--- Work to be completed ---
Please transcribe the listing below in full and word for word, without its pictures.
------ Dataset excerpt
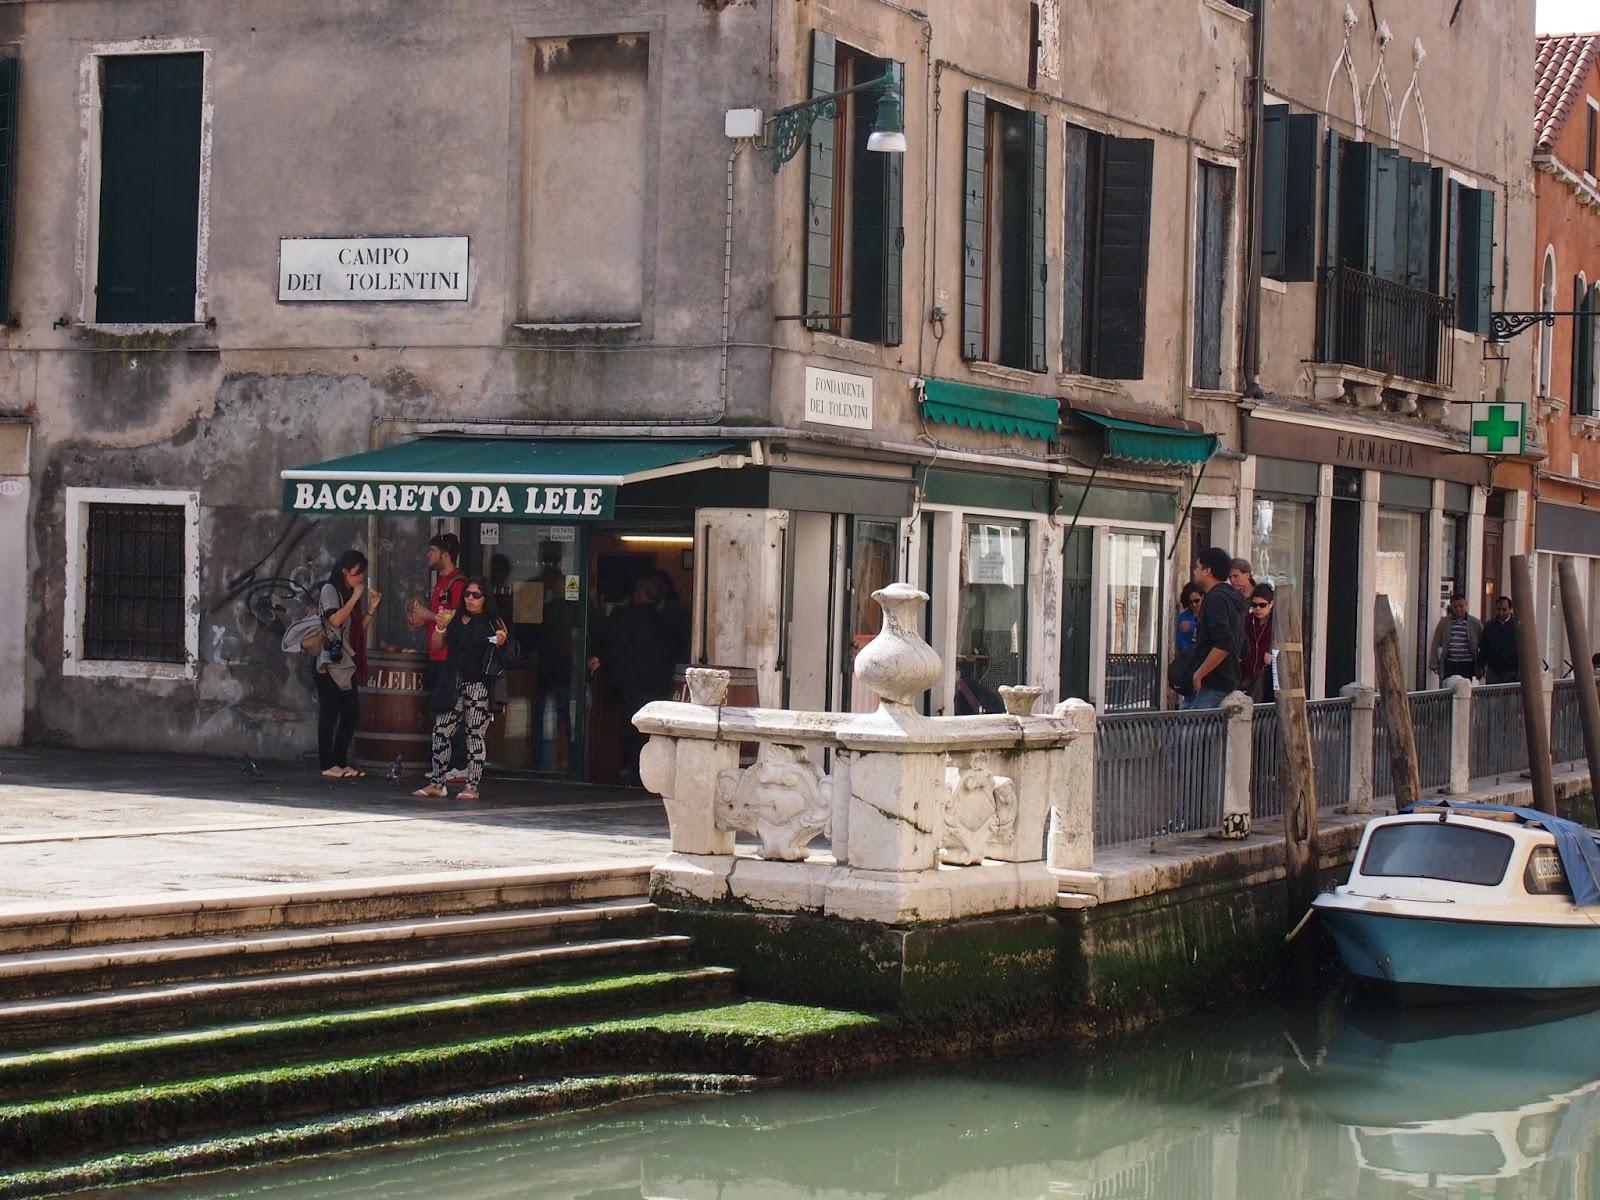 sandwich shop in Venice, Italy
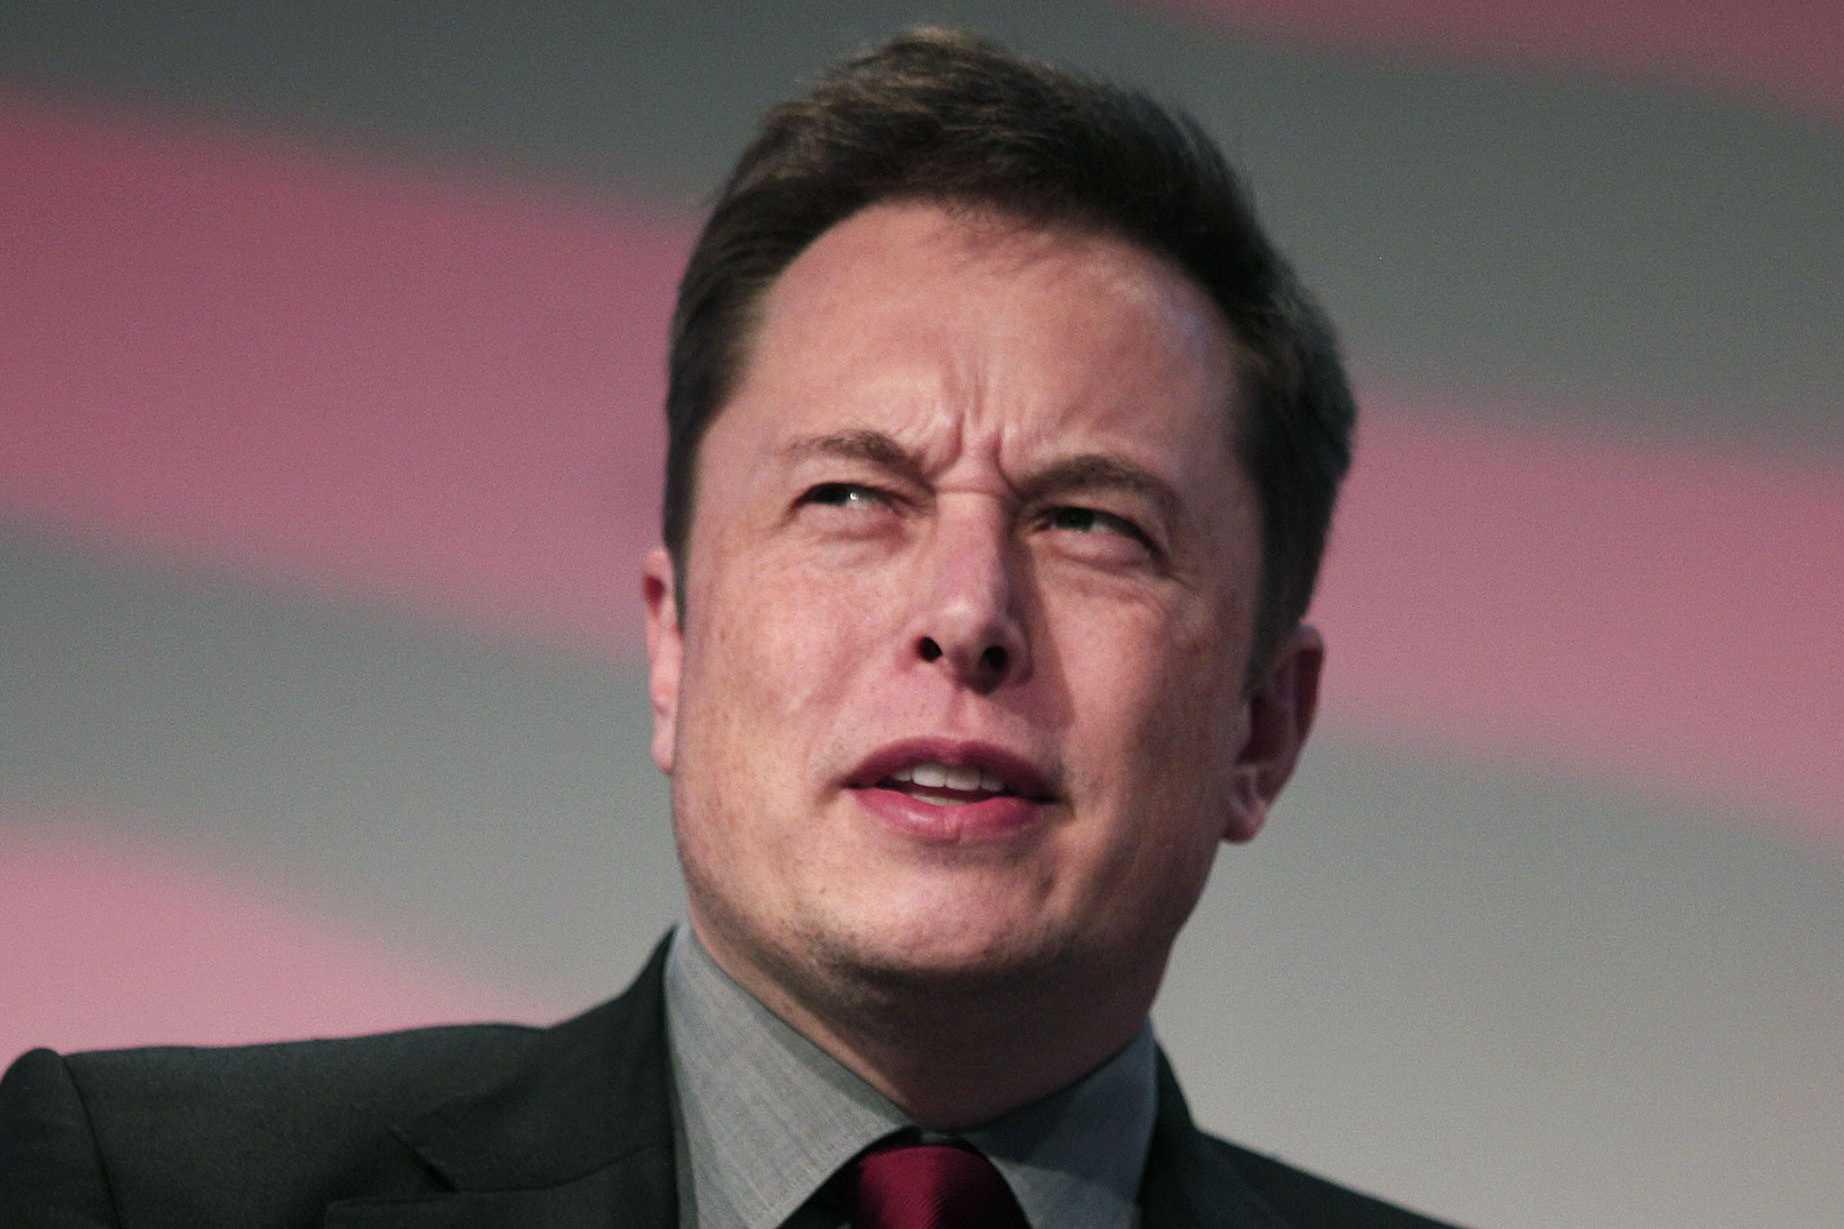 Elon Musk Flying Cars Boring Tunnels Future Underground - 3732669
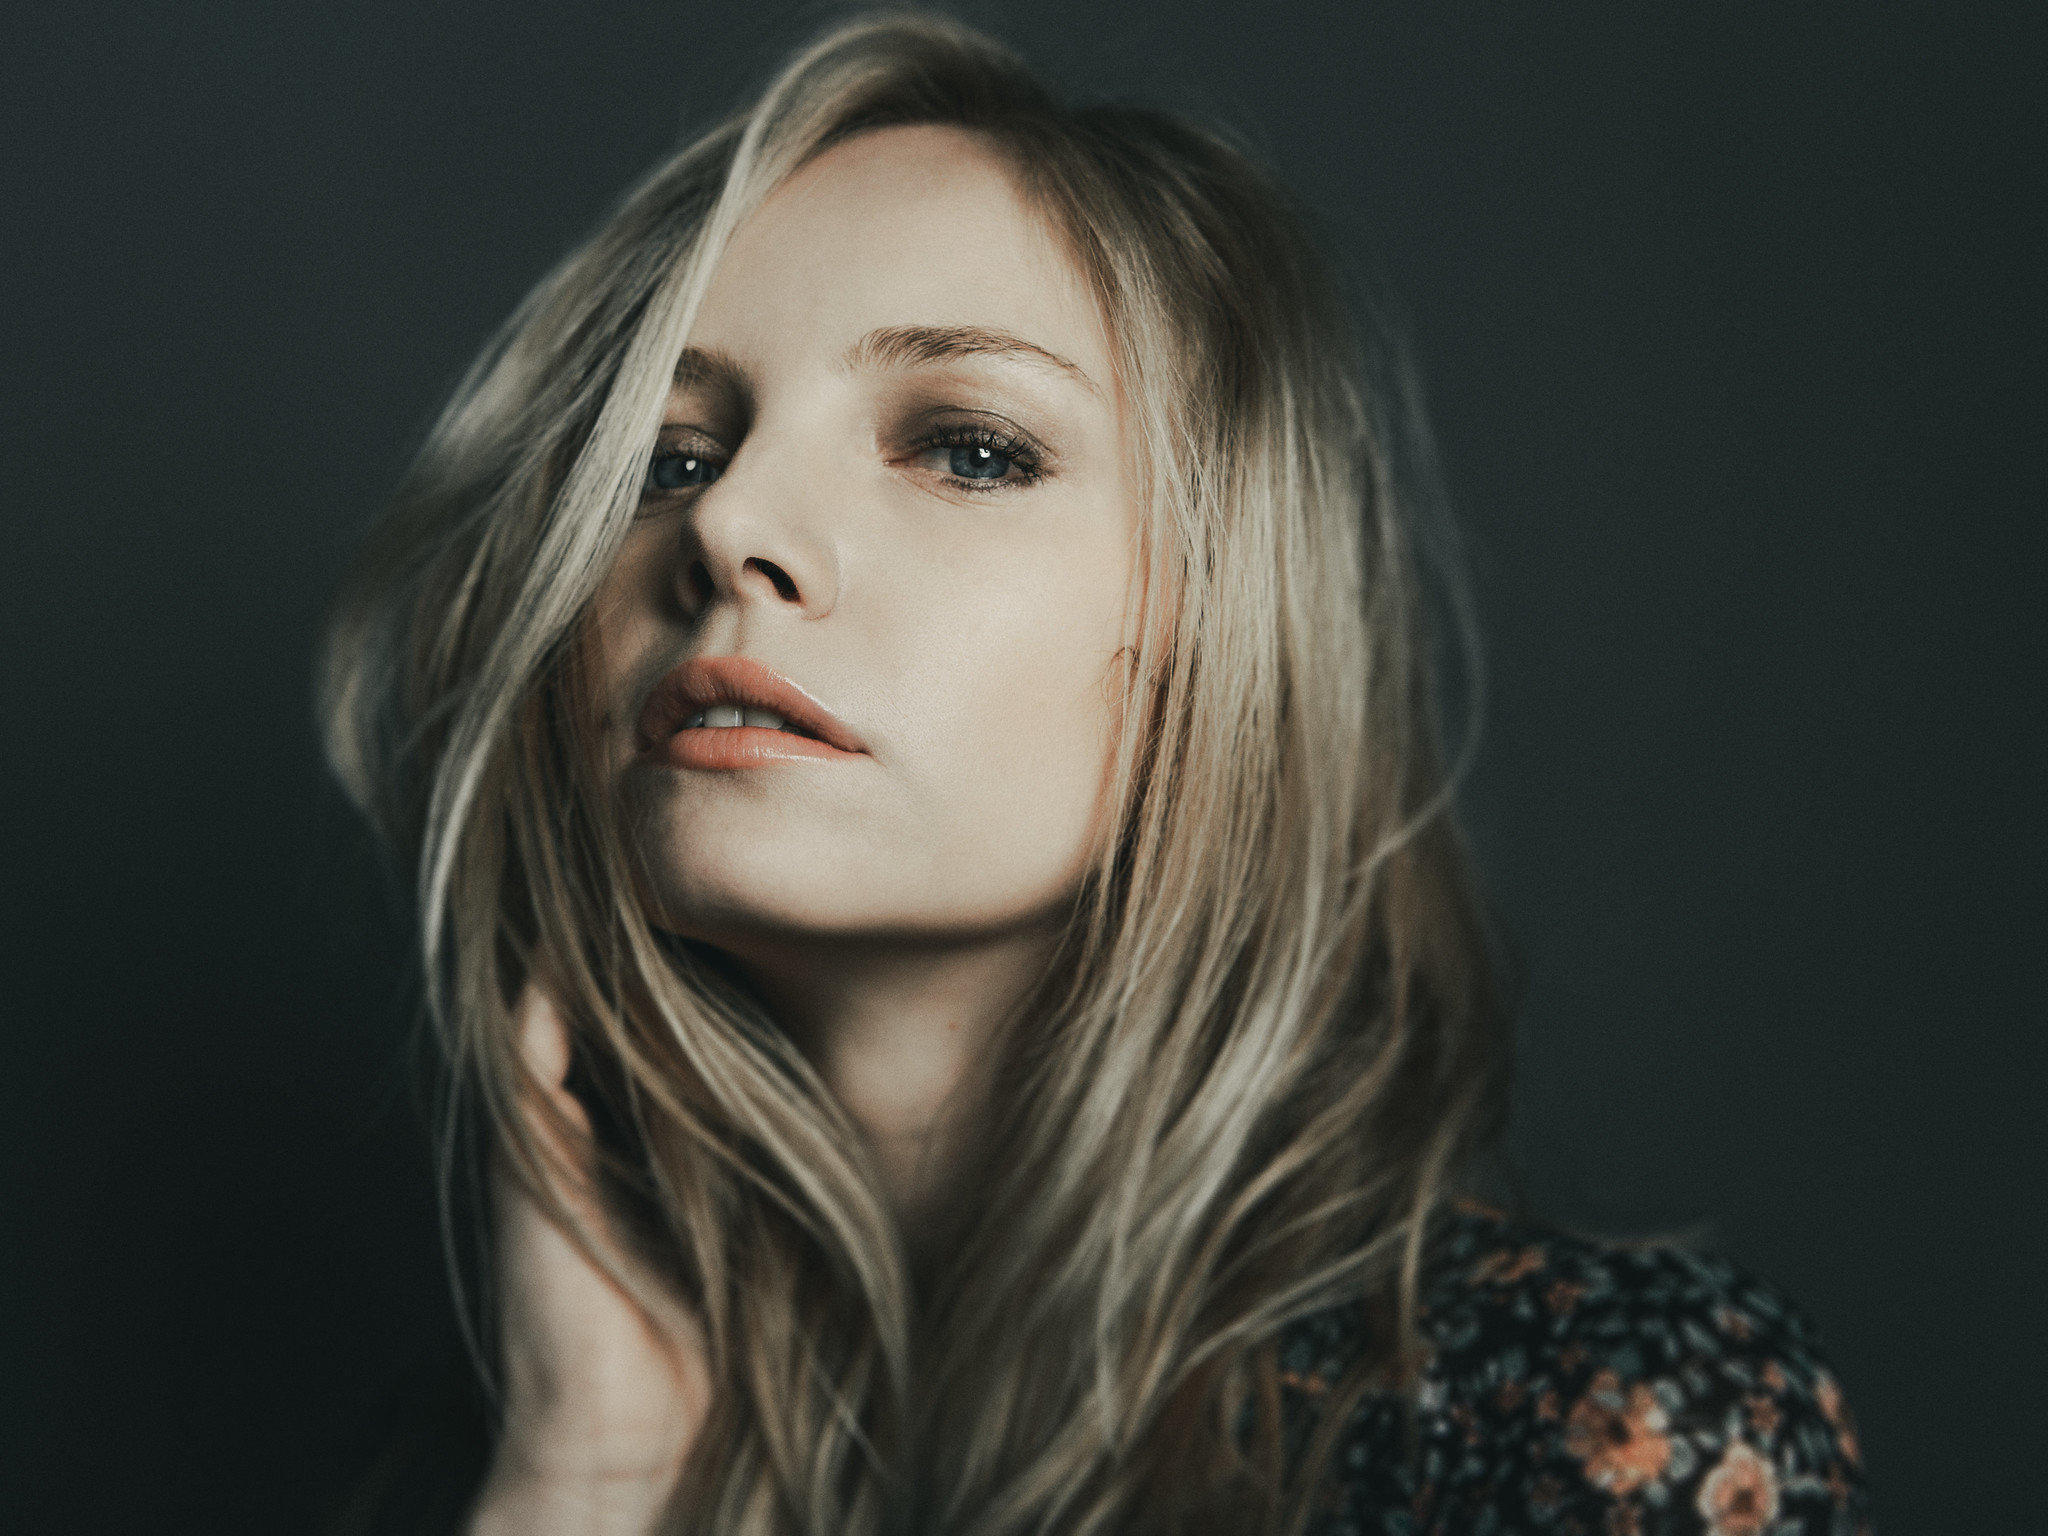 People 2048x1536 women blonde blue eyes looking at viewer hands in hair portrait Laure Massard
------------
--- Your response ---
 sandwich shop in Venice, Italy
 Elon Musk Flying Cars Boring Tunnels Future Underground - 3732669
 People 2048x1536 women blonde blue eyes looking at viewer hands in hair portrait Laure Massard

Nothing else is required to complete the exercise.